Guinée/Culture: Bantama Sow tient à la vulgarisation du Droit d’Auteur

Le ministre de la Culture, des Sports et du Patrimoine historique, a présidé ce mardi 24 septembre 2019, l’ouverture de la Journée Africaine du Droit d’Auteur et de Gestion Collective ( JADG). Dans son intervention, Sanoussy Bantama Sow a promis de tout faire, pour que l’artiste guinéen mérite de son salaire d’auteur.

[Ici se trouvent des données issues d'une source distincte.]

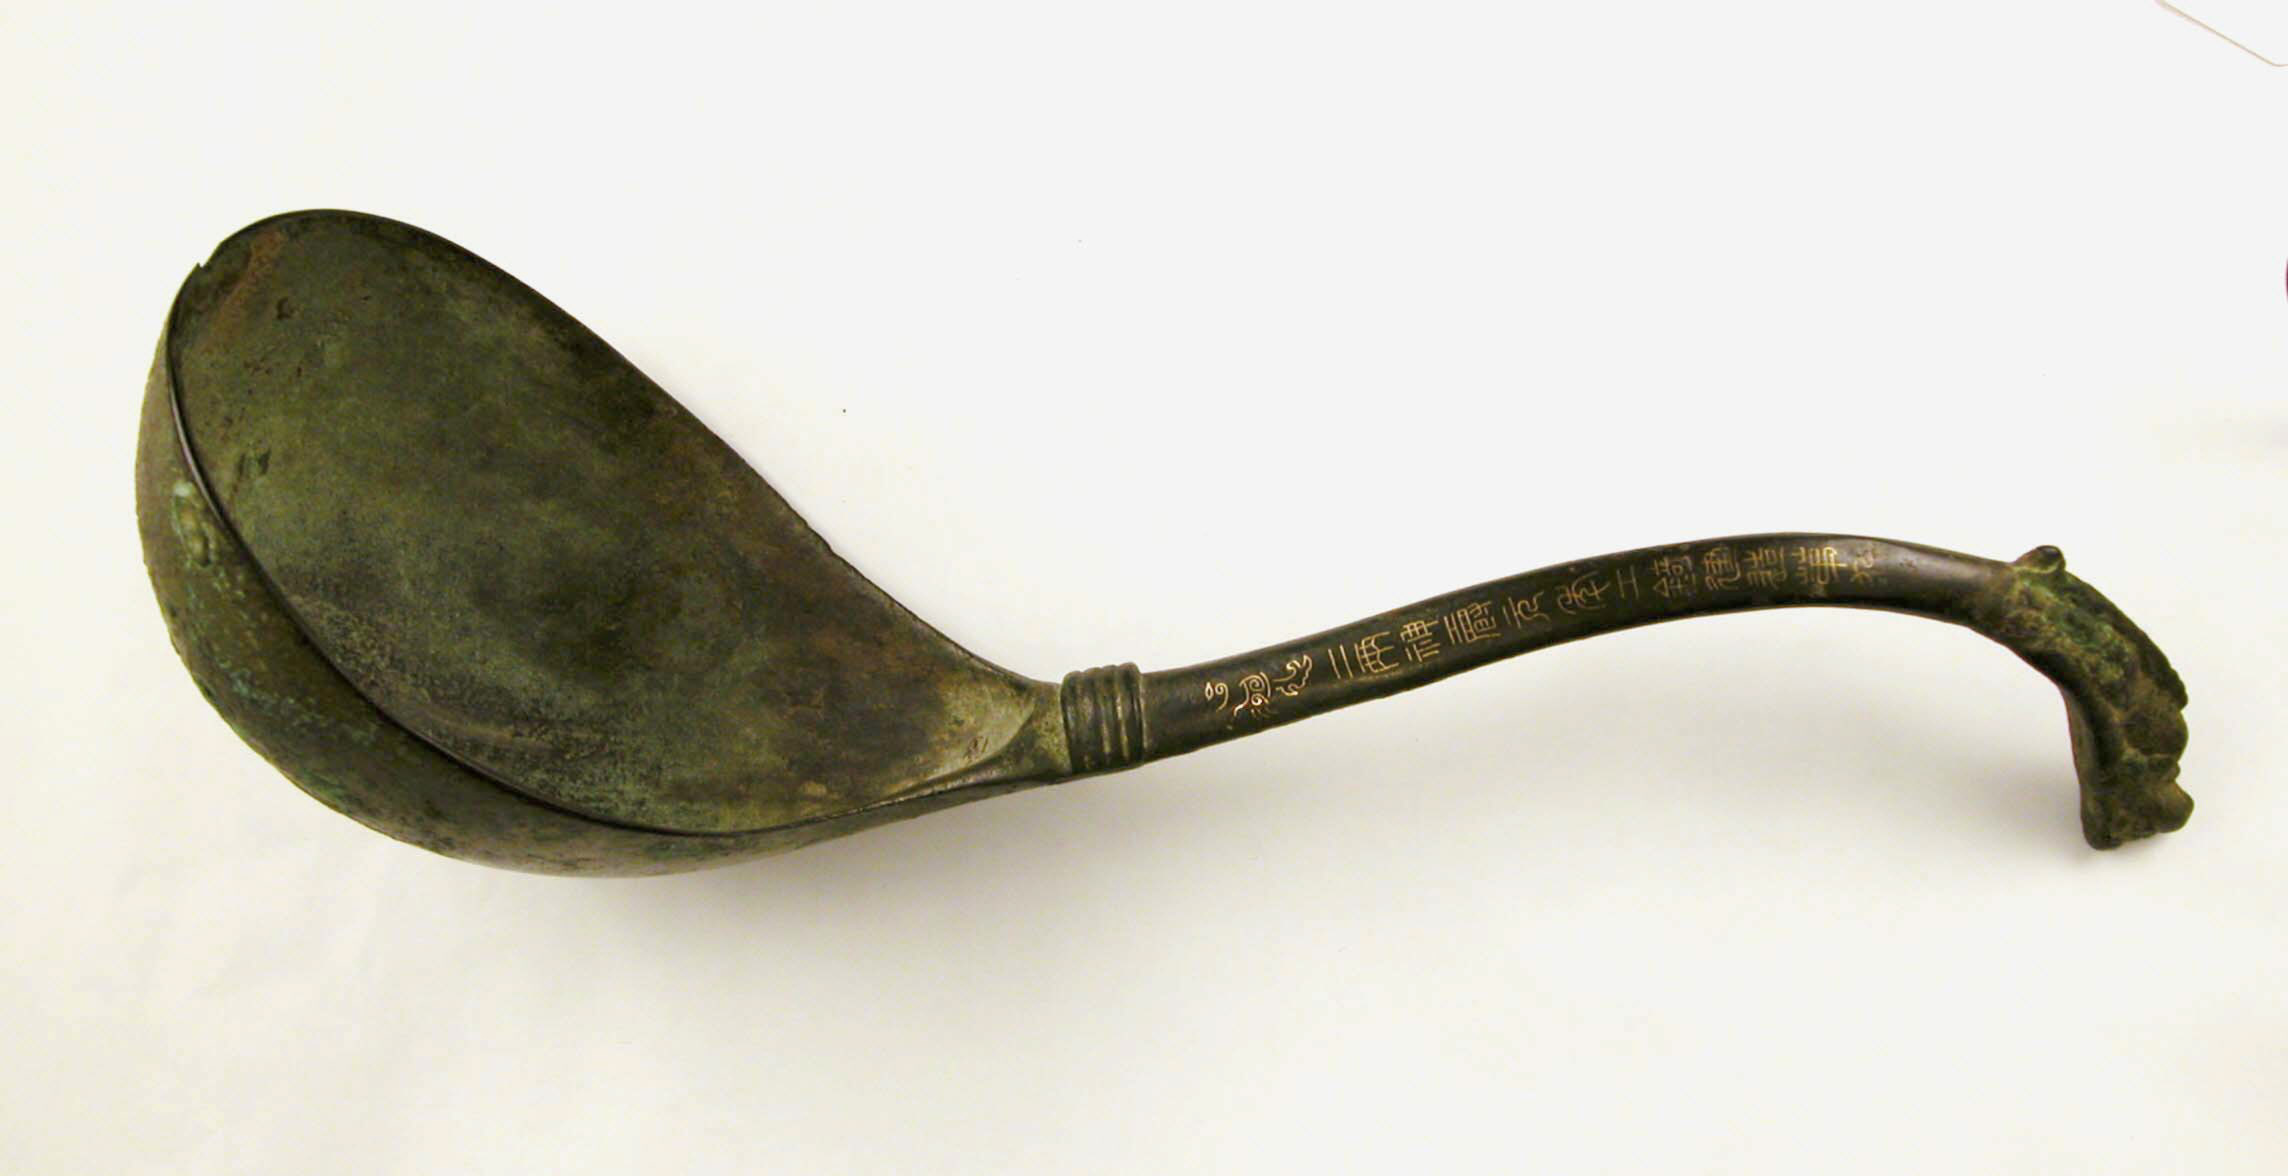 metal ladle with long handle

La vulgarisation de la nouvelle loi pourtant protection de la propriété littéraire et artistique, reste au cœur des débats au compte de la deuxième édition d’un atelier ouvert à Conakry pour deux jours.

C’est une initiative du Bureau Guinéen du Droit d’Auteur ( BGDA), une direction chargée à la veille et protection de tout ce qui est productions littéraires et artistiques.

« La Guinée a promulgué la loi 043 APNCP80, du 09 août 1980 portant protection des droits d’auteurs et ceux voisins. Avec l’avènement de la nouvelle technologie de communication et ces corrolaires liées au commerce électronique, l’auteur n’a plus le contrôle sur des diverses utilisations faite de ses œuvres. C’est pourquoi il faut réviser les lois nationales, en les adaptant aux exigences des nouveaux instruments juridiques internationaux, auxquels la Guinée est partie» a déclaré le ministre Bantama.


Avant d’aller au terme de son discours, le ministre a rassuré aux artistes guinéens que son département fera tout pour signer ces textes pour que le droit d’auteur soit une réalité en Guinée.

Pendant ces deux journées d’échanges, les débats selon Abass Bangoura, Directeur général du BGDA seront orientés sur la non applicabilité des textes en termes de droits d’auteur, liés à la production littéraire et artistiques.

Il s’agira également dit-il, d’expliquer aux participants, les contenues de cette nouvelle loi, issue de l’ancienne qui date de 1989 et qui ne prenait pas en compte les nouveaux droits d’auteurs.

Les artistes de ce pays, doivent selon l’artiste Sékouba Kandja, se nourrir de leurs arts et de ses œuvres.
C’est pourquoi il s’est dit fier du fait que l’État a pu reconnaître ce que font les artistes dans la généralité, et estime que leurs droits seront respectés à la différence des temps passés.